Greece will not make a June 5 repayment to the International Monetary Fund if there is no prospect of an aid-for-reforms deal with its international creditors soon, the spokesman for the ruling Syriza party's lawmakers said on Wednesday.
The payment of 300 million euros ($335 million) is the first of four this month totaling 1.6 billion euros from a country that depends on foreign aid to stay afloat.
Greece owes a total of about 320 billion euros, of which about 65 percent to euro zone governments and the IMF, and about 8.7 percent to the European Central Bank.
On Tuesday, Greece's creditors drafted the broad outlines of an agreement to put to the leftist government in Athens in a bid to conclude four months of negotiations and release aid before the country runs out of money.
"If there is no prospect of a deal by Friday or Monday, I don't know by when exactly, we will not pay," Nikos Filis told Mega TV.
Greek Prime Minister Alexis Tsipras heads to Brussels on Wednesday to meet European Commission President Jean-Claude Juncker.
Tsipras, who has vowed not to surrender to more austerity, tried to pre-empt a take-it-or-leave-it offer by the creditors, sending what he called a comprehensive reform proposal to Brussels on Monday.
A Syriza European Parliament lawmaker said the government's 47-page proposal would be a good basis for discussion at a meeting of euro zone deputy finance ministers in the so-called EuroWorking Group which would convene on Wednesday.

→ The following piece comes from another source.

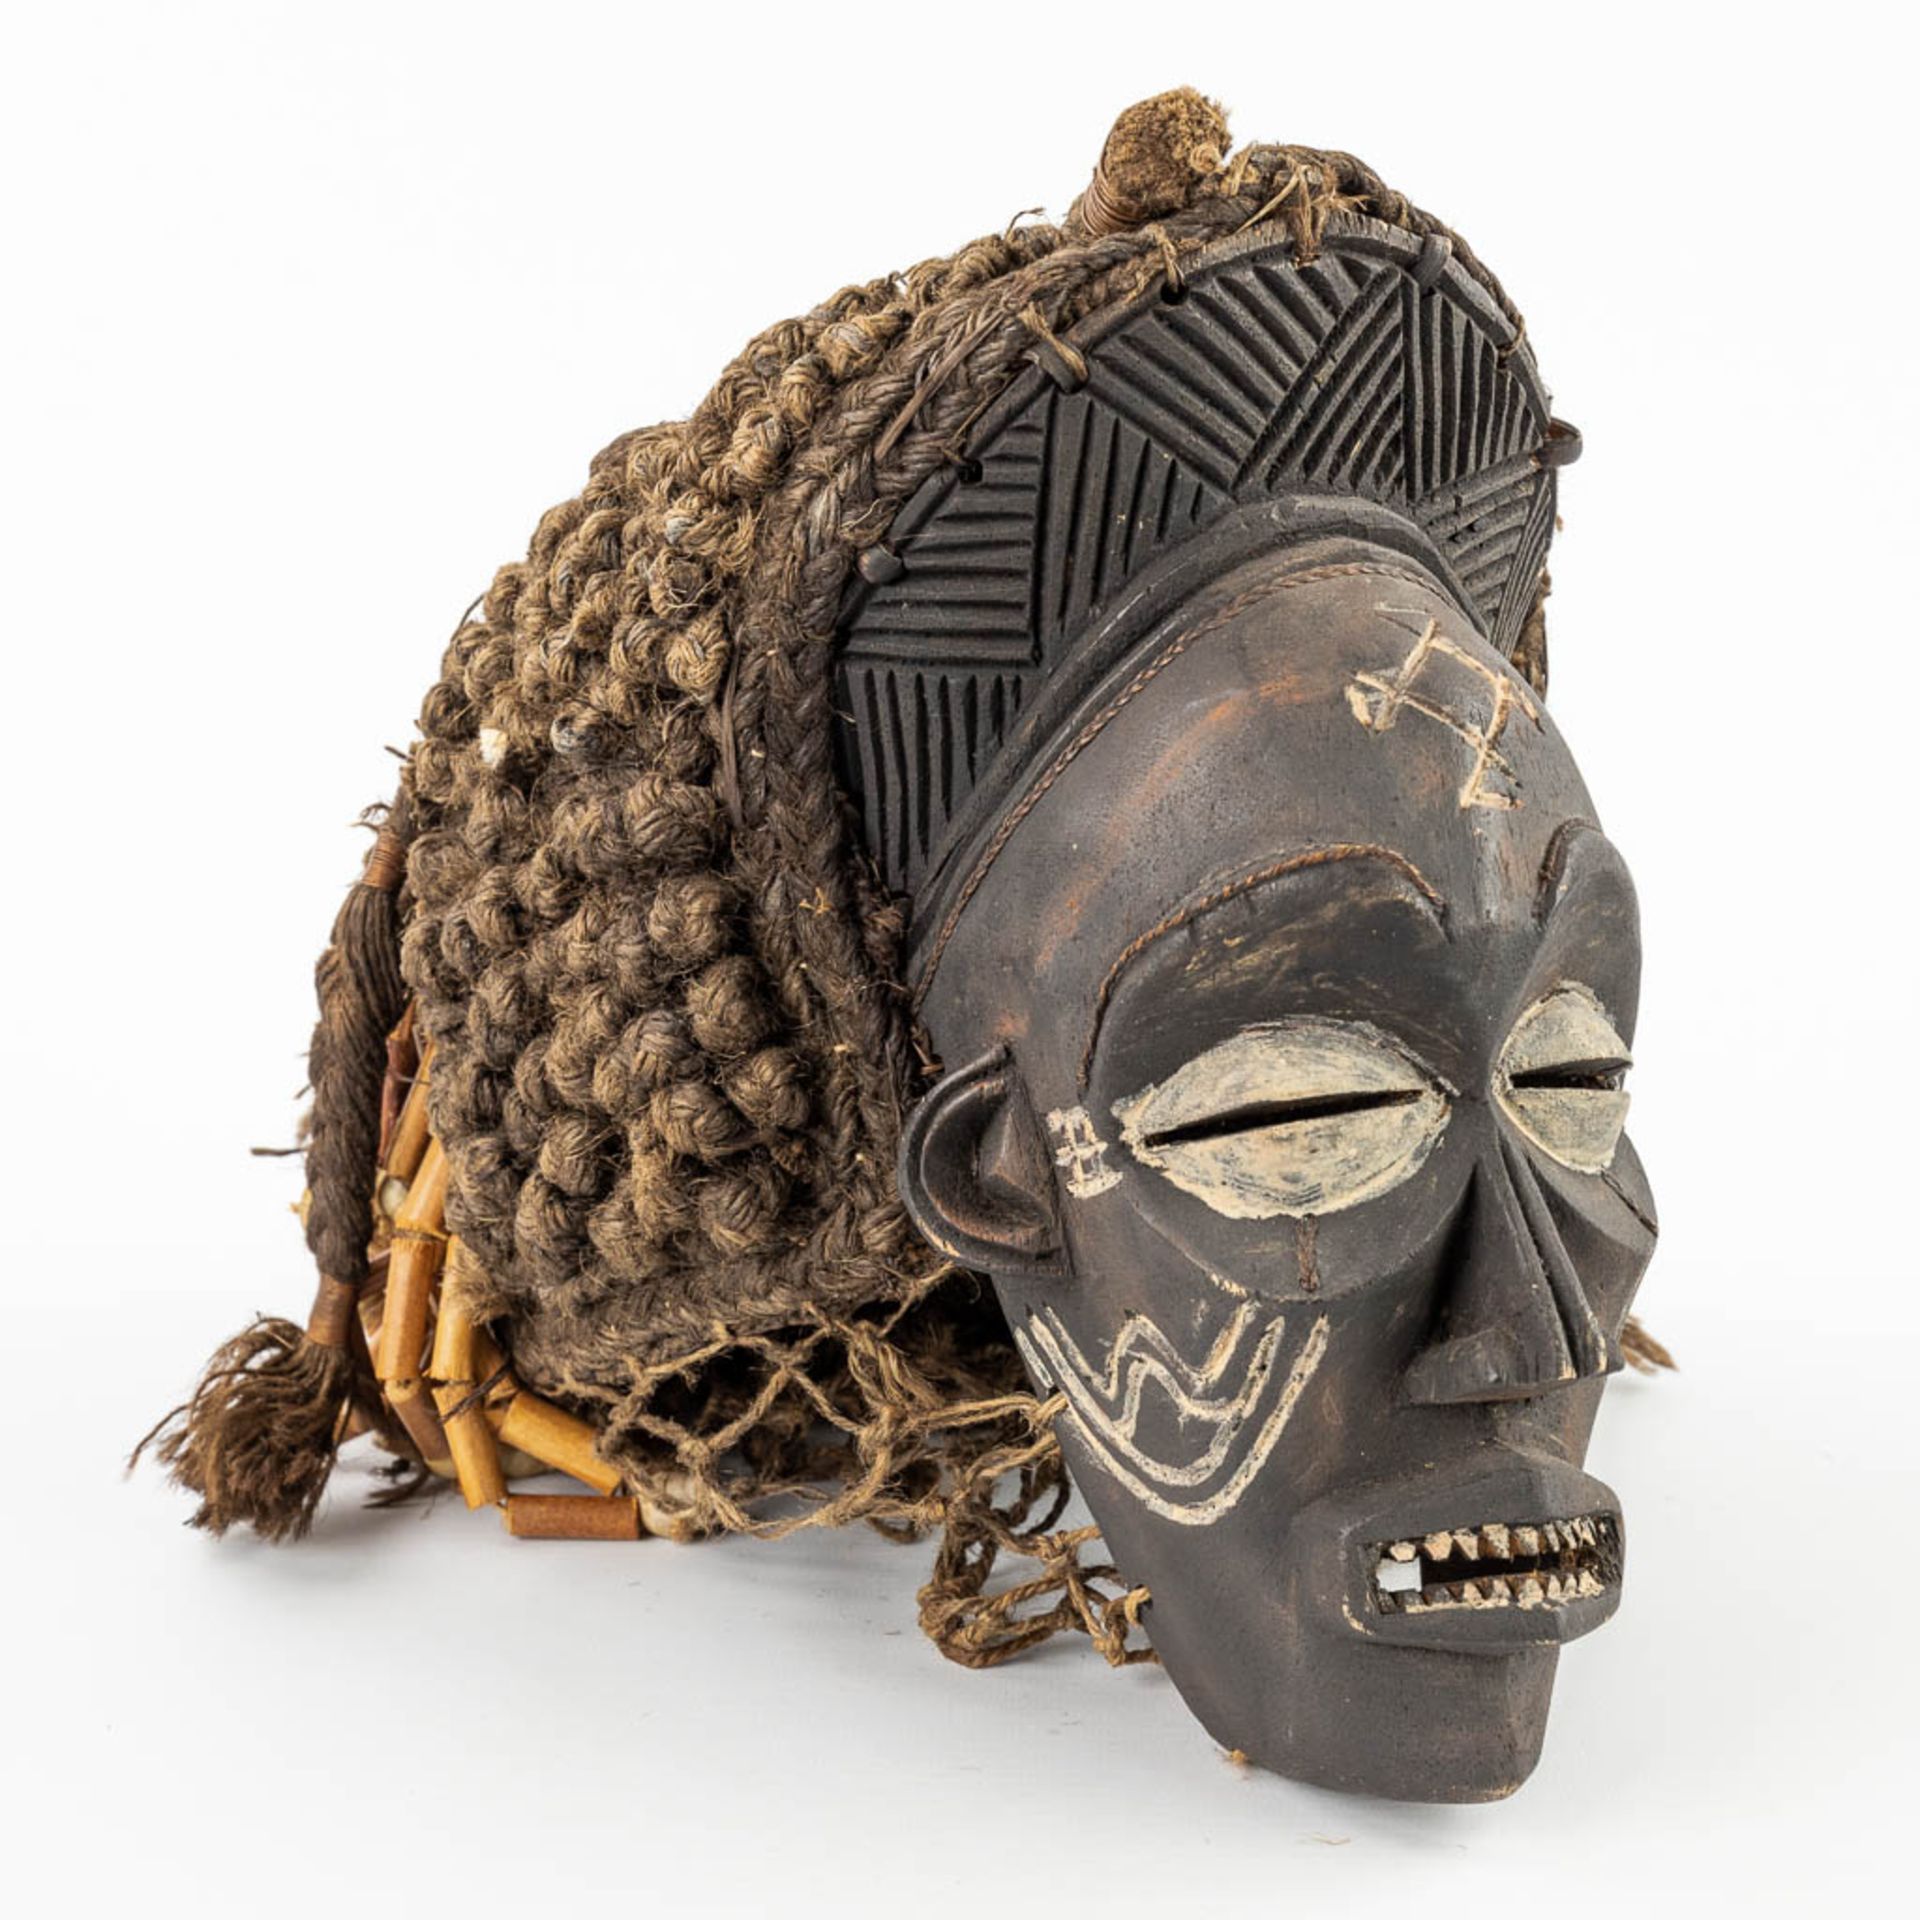 A collection of 2 African masks 'Chokwe' and 'Luba Songye'. (L: 13 x W: 24 x H: 43 cm) - Image 13 of 21

"If the lenders show the same realism that the Greek government and the Greek Prime Minister is showing, then we can have a deal in principle by Friday or before Friday," Dimitris Papadimoulis told Antenna TV.
He said this could turn into a comprehensive deal next week.
"But right now there is no deal, there is convergence," he said.
Deputy social security minister Dimitris Stratoulis said a deal with lenders would have to respect the government's commitments.
"The agreement will either be compatible with Syriza's policy pledges, the core, or there will not be a deal," he told Antenna TV.